I'm doing a project that will connect multiple subsystems (sensors, controller, etc) via CAN bus. I'm using SocketCAN and have settings as below:
root@ngtianxun-desktop:~# ip -details -statistic link show can0
5: can0: <NOARP,UP,LOWER_UP,ECHO> mtu 16 qdisc pfifo_fast state UP mode DEFAULT group default qlen 10
link/can promiscuity 0 minmtu 0 maxmtu 0
can state ERROR-ACTIVE (berr-counter tx 0 rx 0) restart-ms 10
bitrate 500000 sample-point 0.600
tq 100 prop-seg 3 phase-seg1 8 phase-seg2 8 sjw 4
RDC_CAN: tseg1 5..16 tseg2 3..8 sjw 1..4 brp 2..131072 brp-inc 2
clock 20000000
re-started bus-errors arbit-lost error-warn error-pass bus-off
0 0 337 0 0 0 numtxqueues 1 numrxqueues 1 gso_max_size 65536 gso_max_segs 65535
RX: bytes packets errors dropped overrun mcast
27841616 3498429 0 0 0 0
TX: bytes packets errors dropped carrier collsns
9504120 2357958 0 0 0 0
root@ngtianxun-desktop:~#
Python scripts have been written to constantly monitor the subsystems and write to the subsystems upon request from the python end.
My question here is - Why am I seeing arbit-lost incrementing by 1 every time at an interval of about ~5 mins once my python program runs?
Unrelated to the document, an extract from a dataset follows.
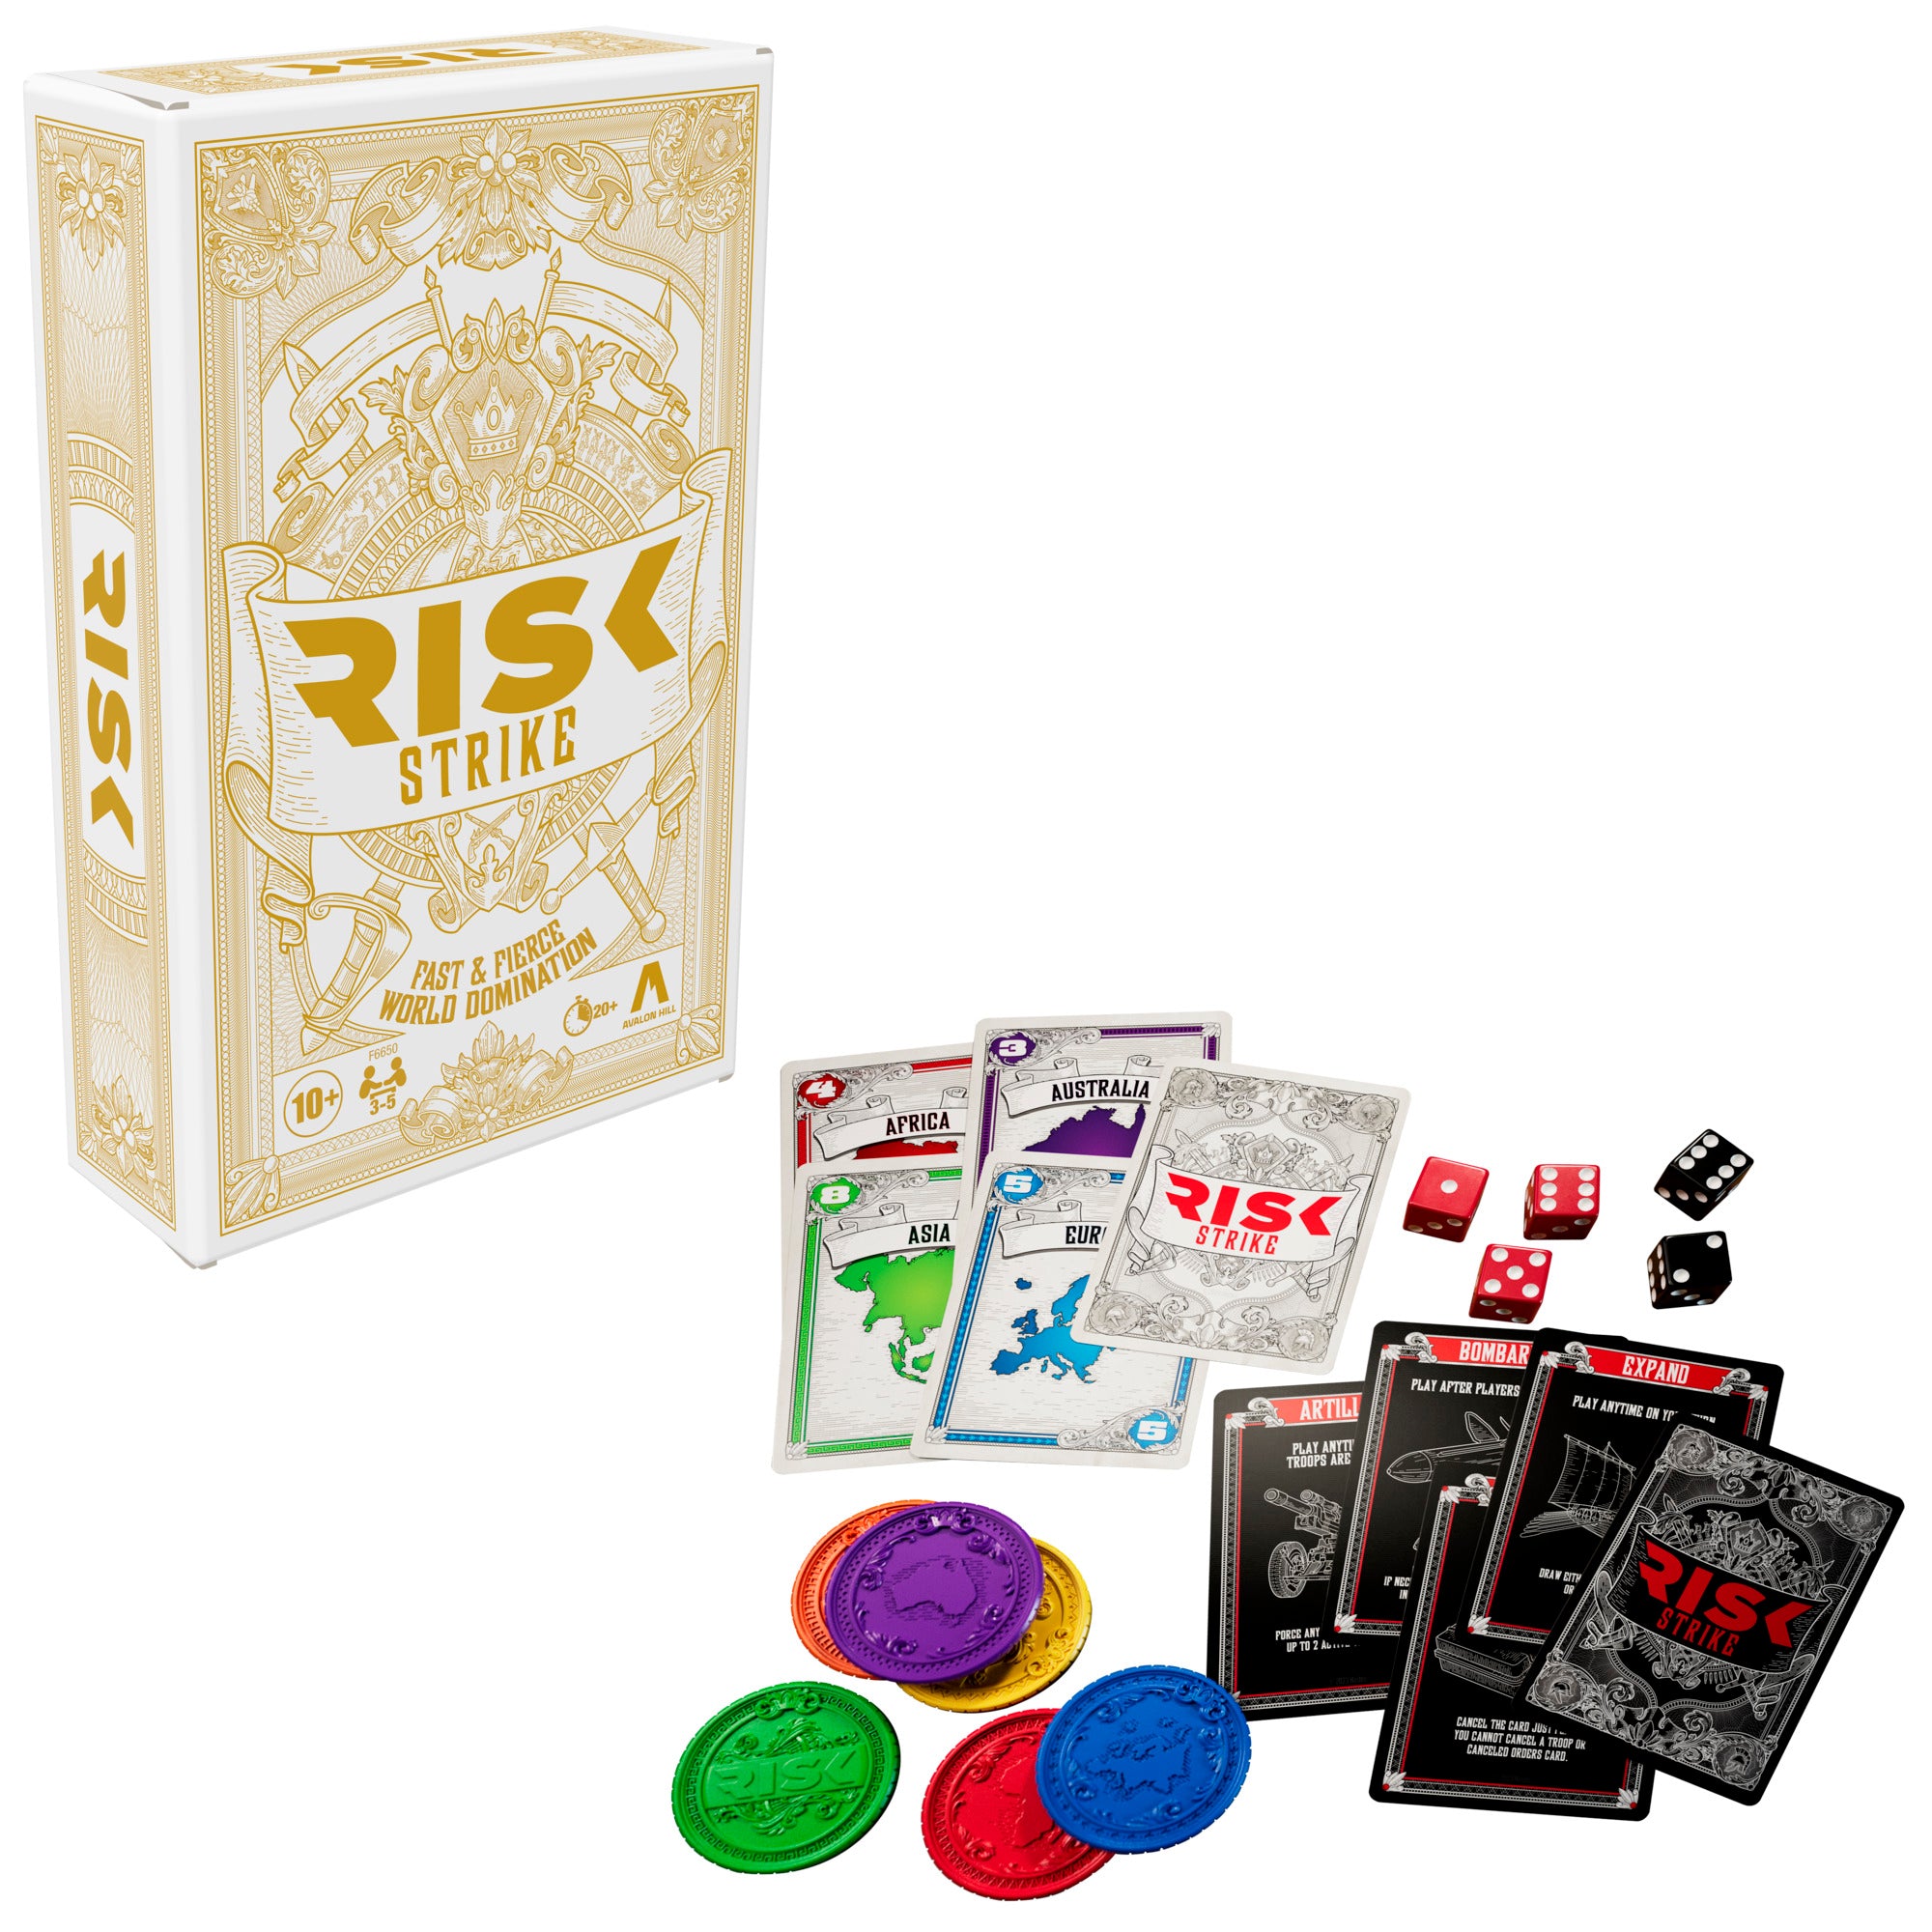 Clue Rivals Edition by Hasbro 2 Player Game

Does it indicate any serious issue? Does it mean the data frame is lost? Is there any concern if I just let it be like this? Anyone who could help to answer and explain would be appreciated!
Worth noting: The programs started for about ~3 days. Only arbit-lost is observed, there's no re-started, bus-errors, error-warn, error-pass, and bus-off. And there are no errors, dropped, overrun, mcast, carrier, and collsns errors in TX/RX fields.